WORK TASK.
Skip the pictures and copy all the data that follows exactly.

RECORDED DATA.
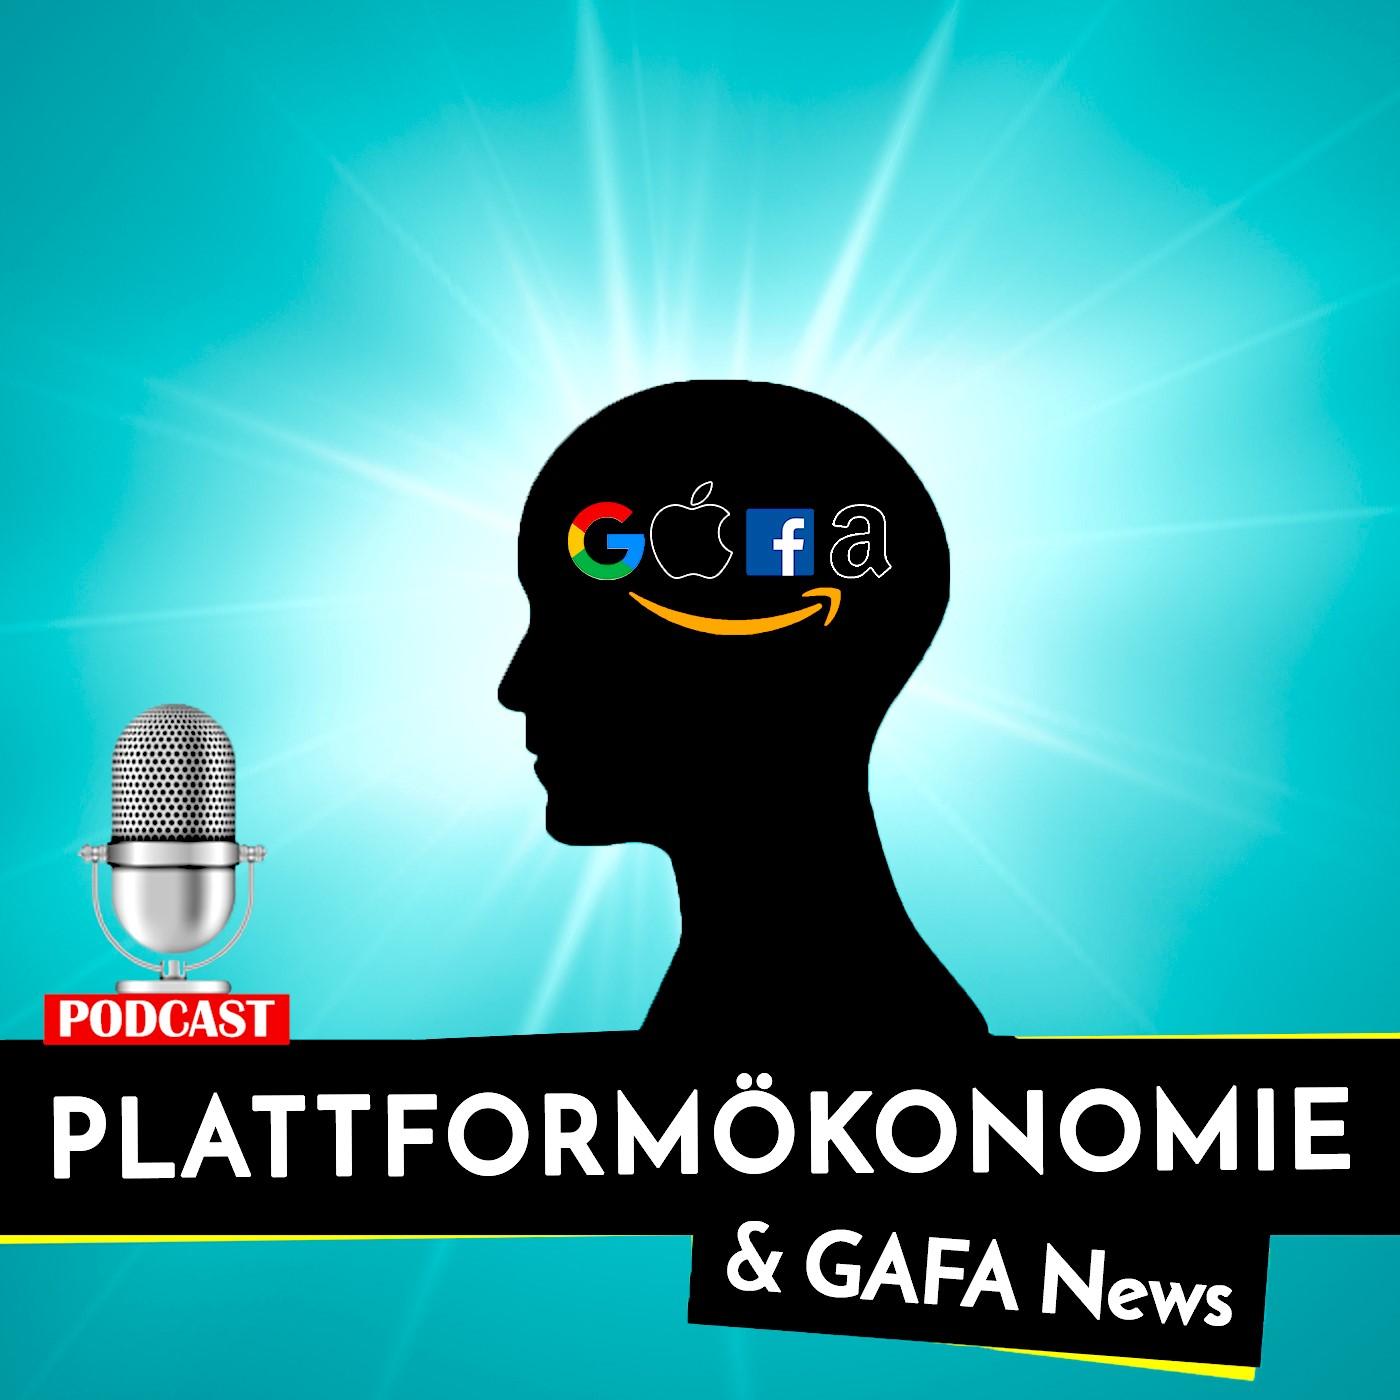 Wirtschafts News   Business Nachrichten aus der Digitalwelt   Google Update, Amazon Pantry, Spanien Grundeinkommen uvl..
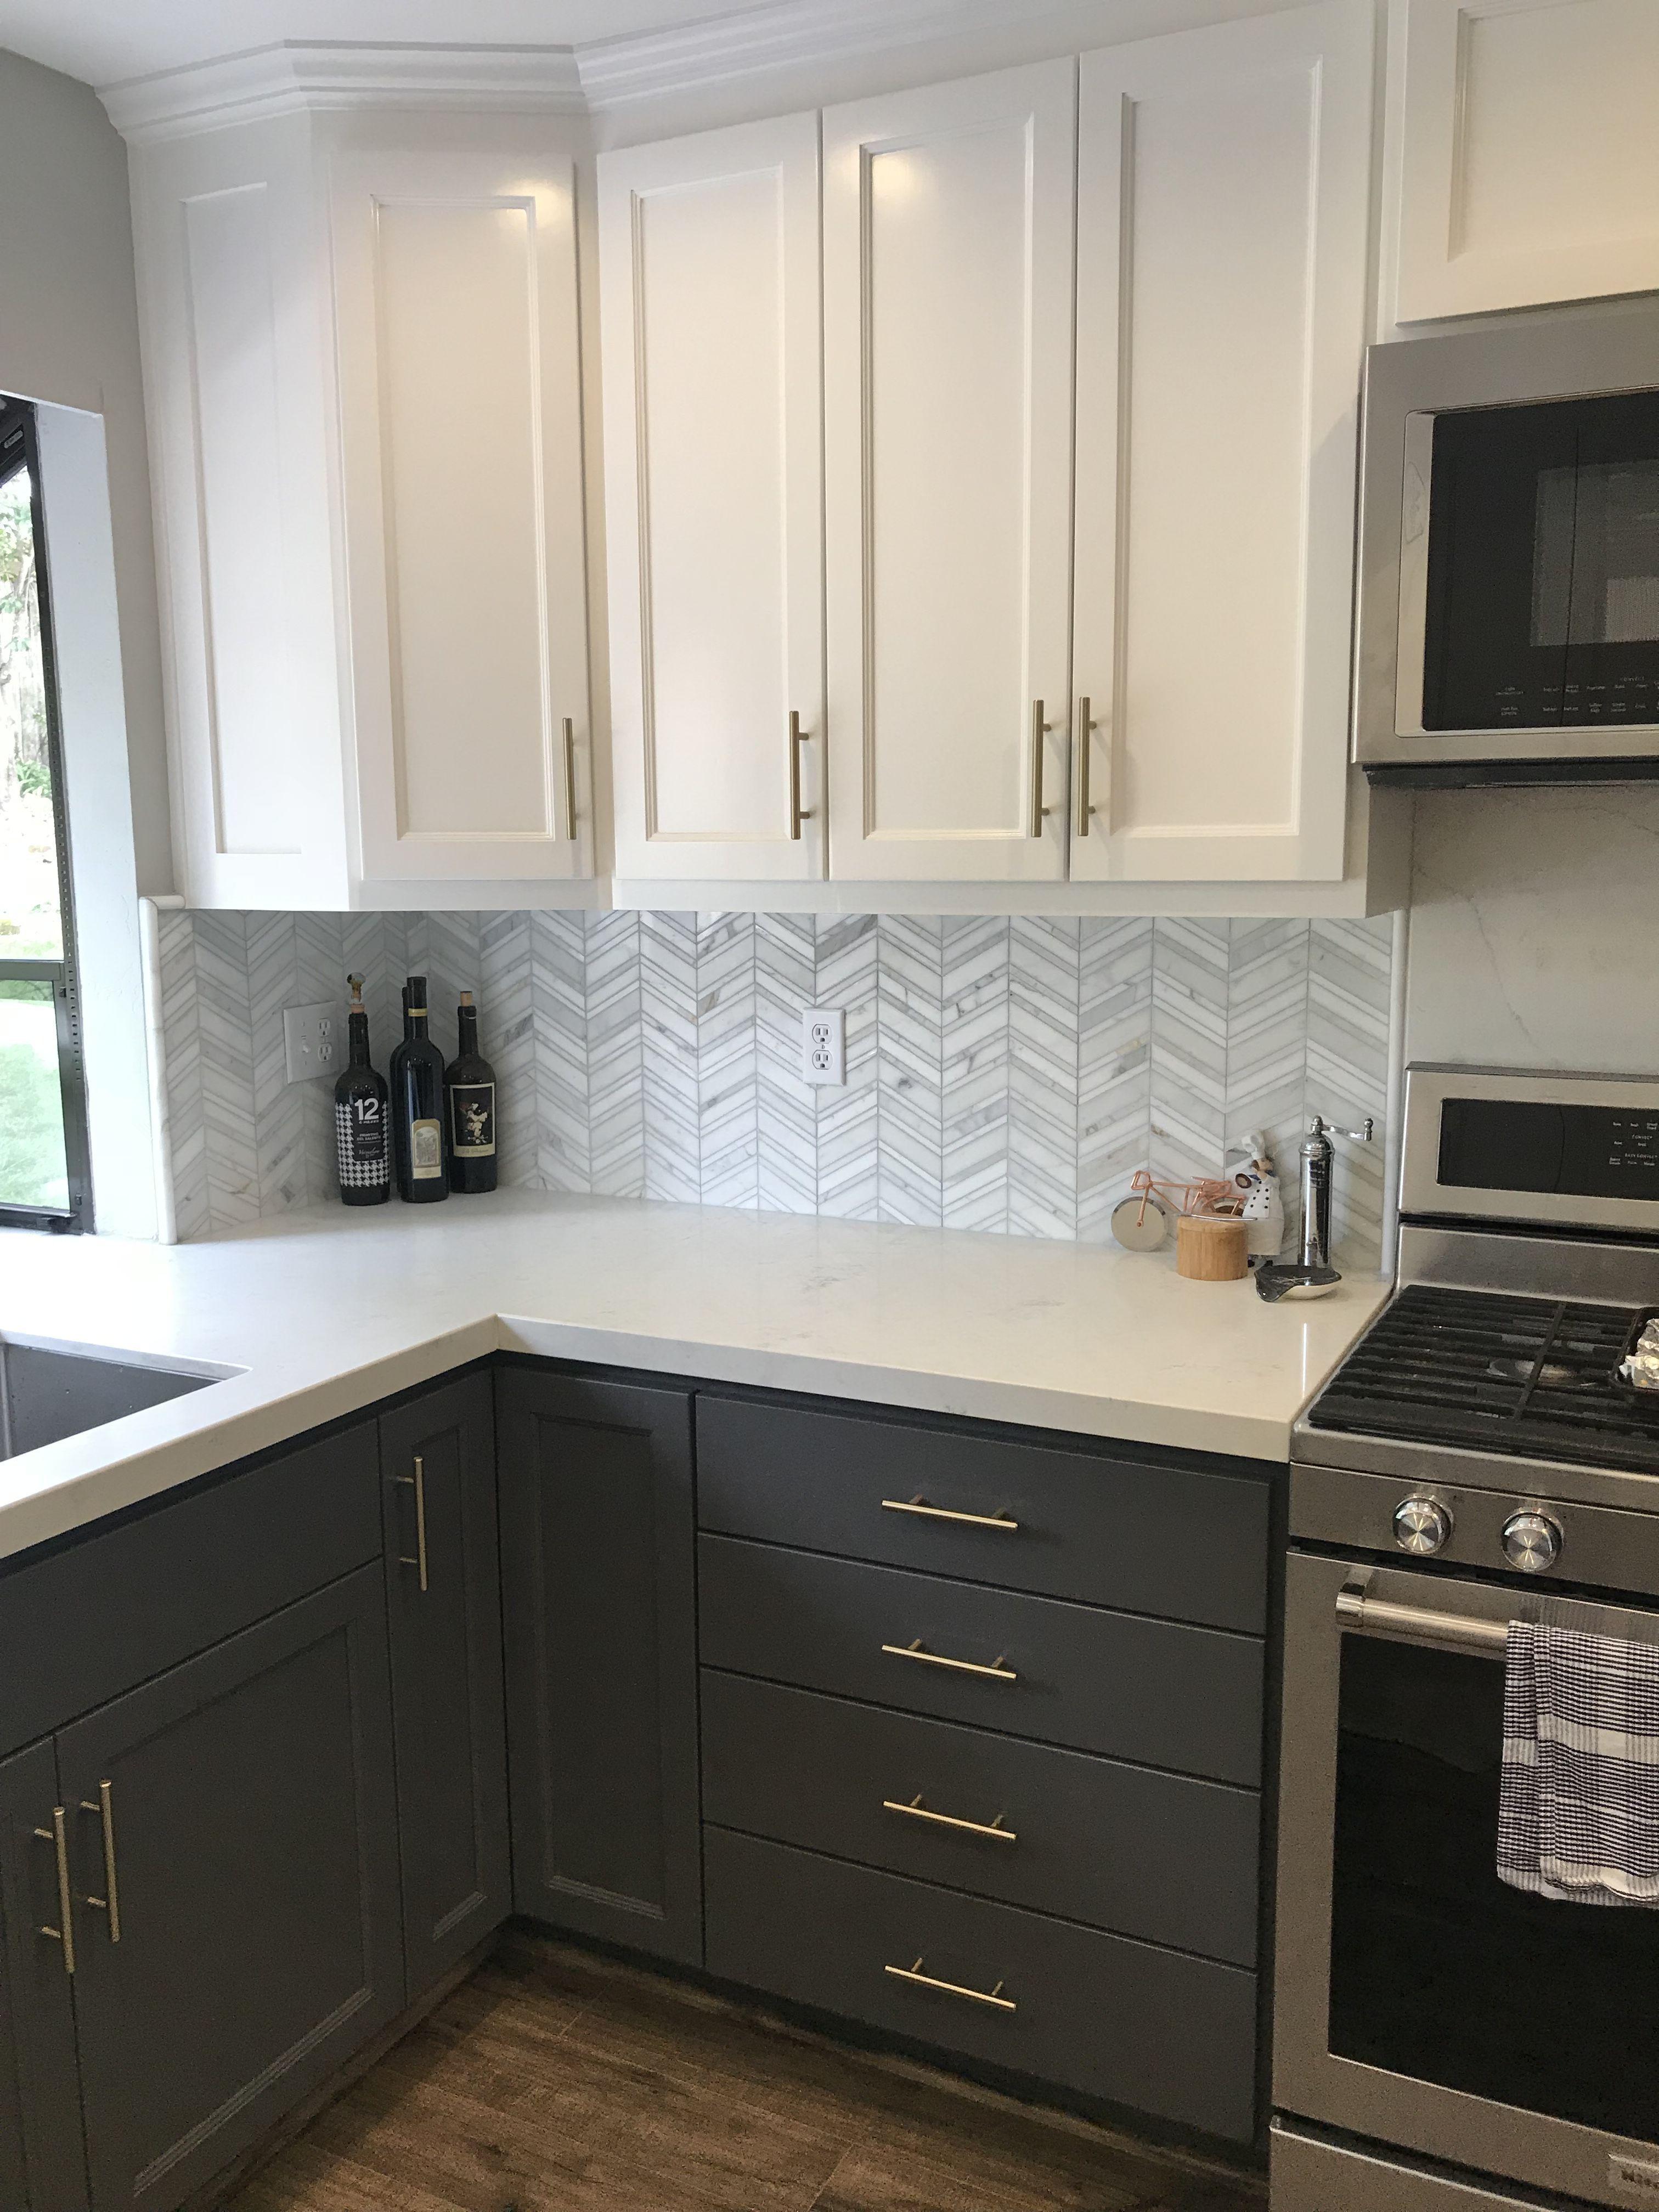 Objets d co en 2019 cuisine grise d co maison cuisines maison et cuisine r nov e - Peinture d armoire de cuisine ...
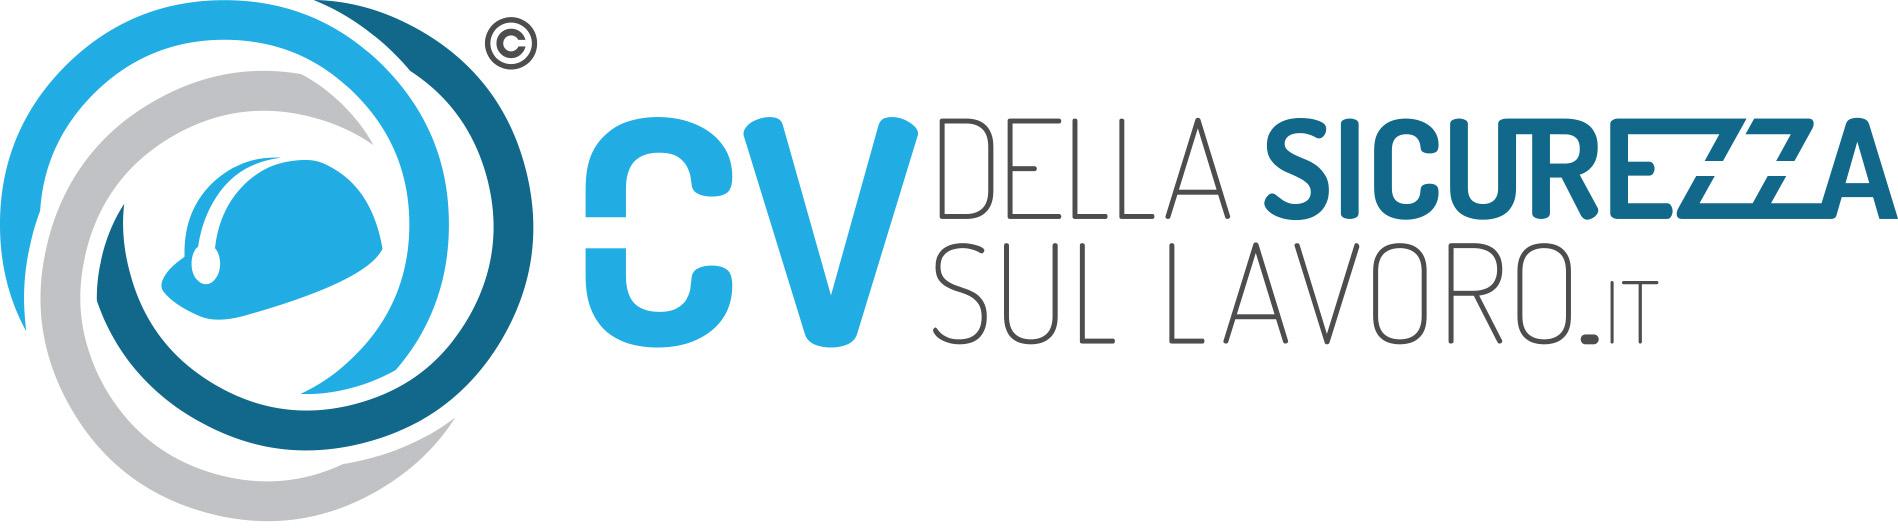 AIESiL presenta il CV DELLA SICUREZZA SUL LAVORO.IT:  quando un'idea diventa una virtuosa realtà
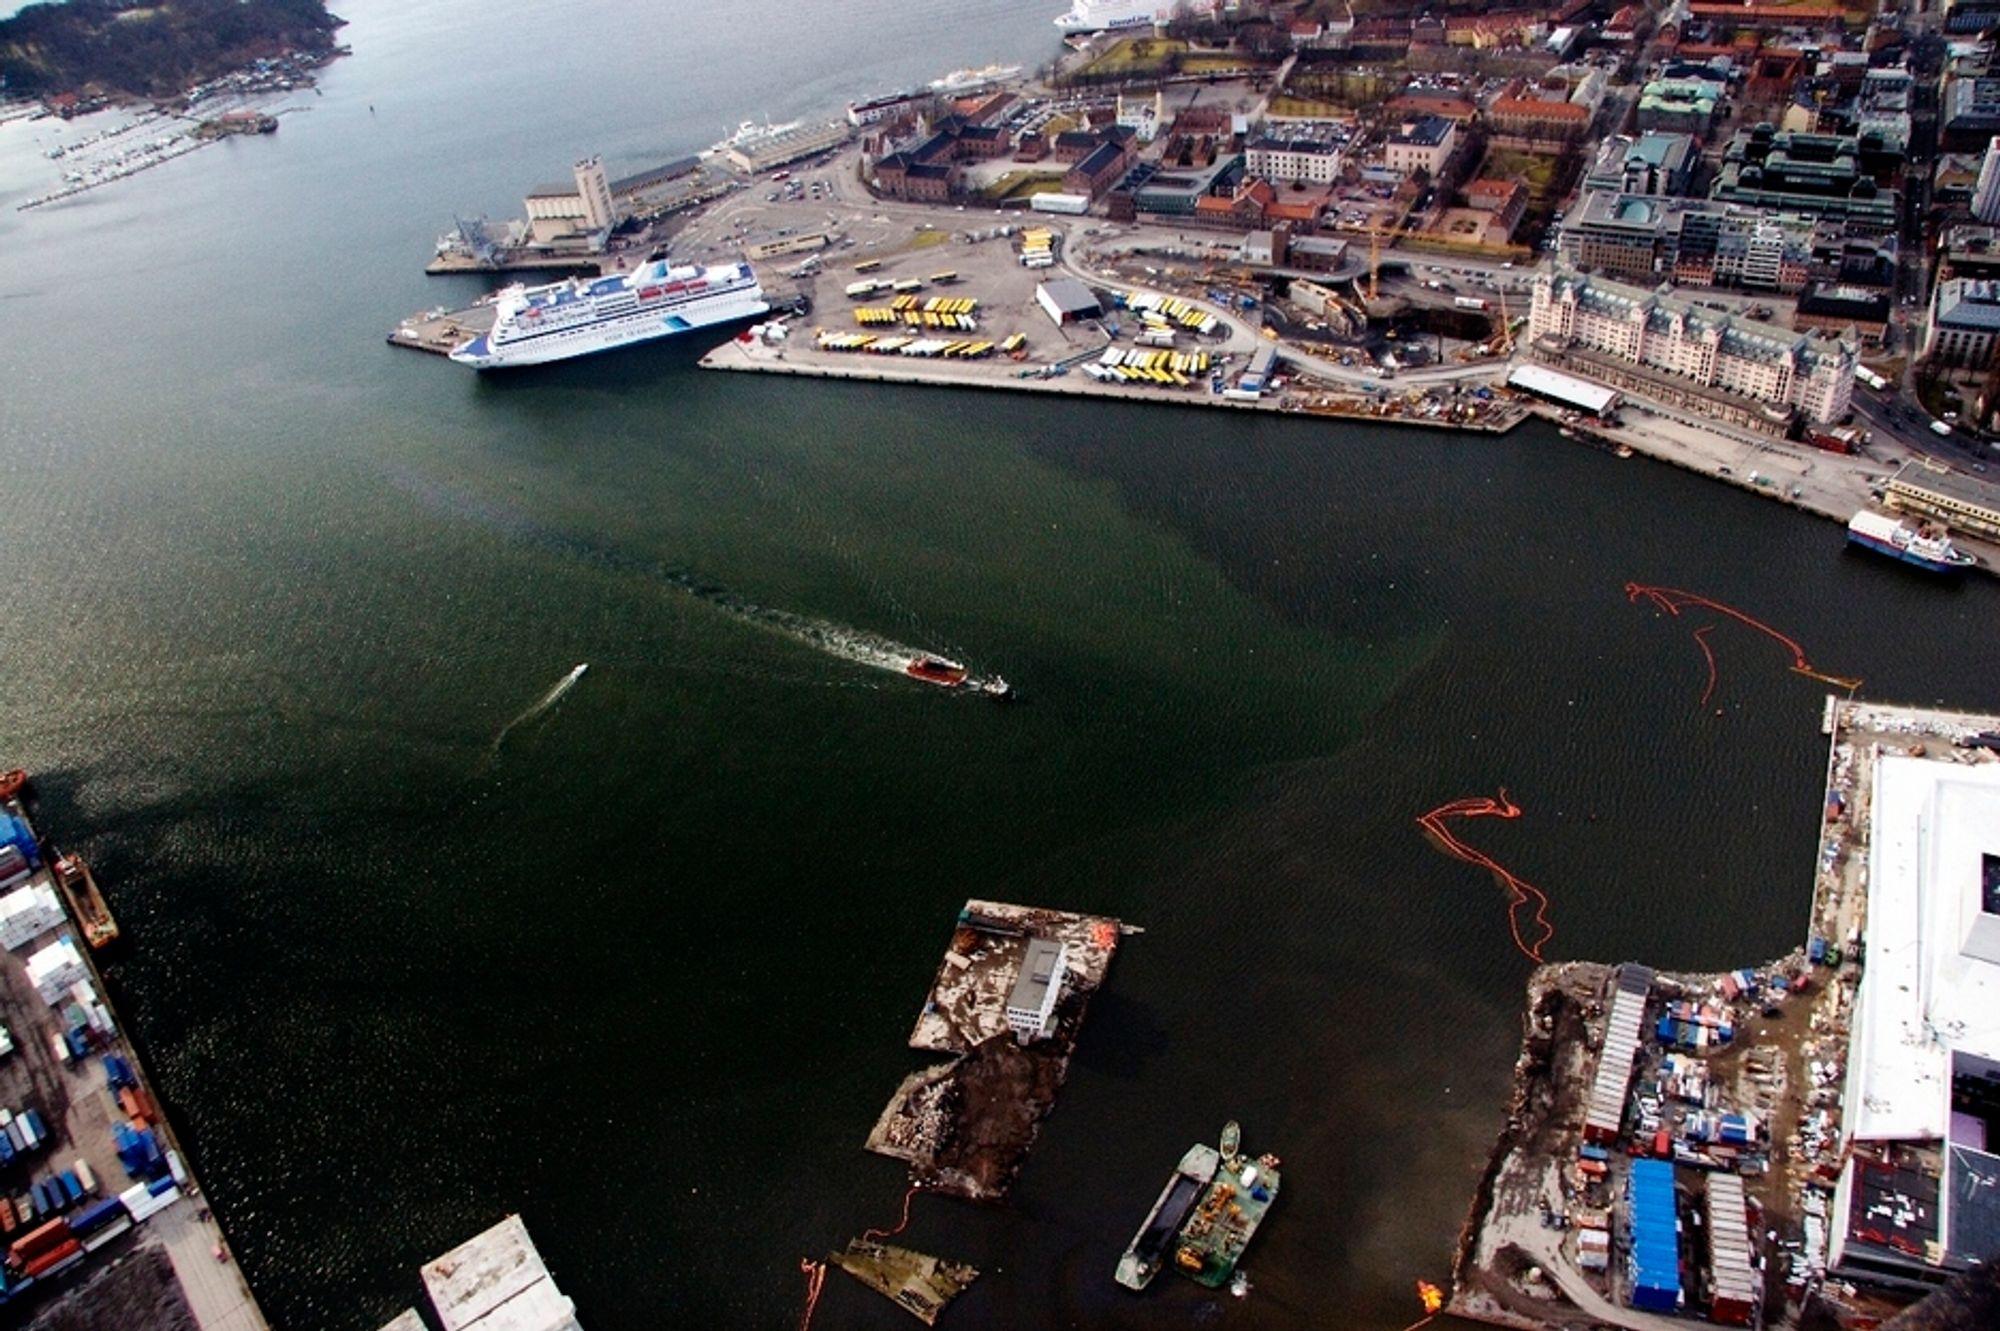 - Nå har Høyesterett i praksis renvasket Oslo Havn KF for alle anklager, sier styreleder Bernt Stilluf Karlsen.

ANSWER SECTION.
 Wirtschafts News   Business Nachrichten aus der Digitalwelt   Google Update, Amazon Pantry, Spanien Grundeinkommen uvl..
 Objets d co en 2019 cuisine grise d co maison cuisines maison et cuisine r nov e - Peinture d armoire de cuisine ...
 AIESiL presenta il CV DELLA SICUREZZA SUL LAVORO.IT:  quando un'idea diventa una virtuosa realtà
 - Nå har Høyesterett i praksis renvasket Oslo Havn KF for alle anklager, sier styreleder Bernt Stilluf Karlsen.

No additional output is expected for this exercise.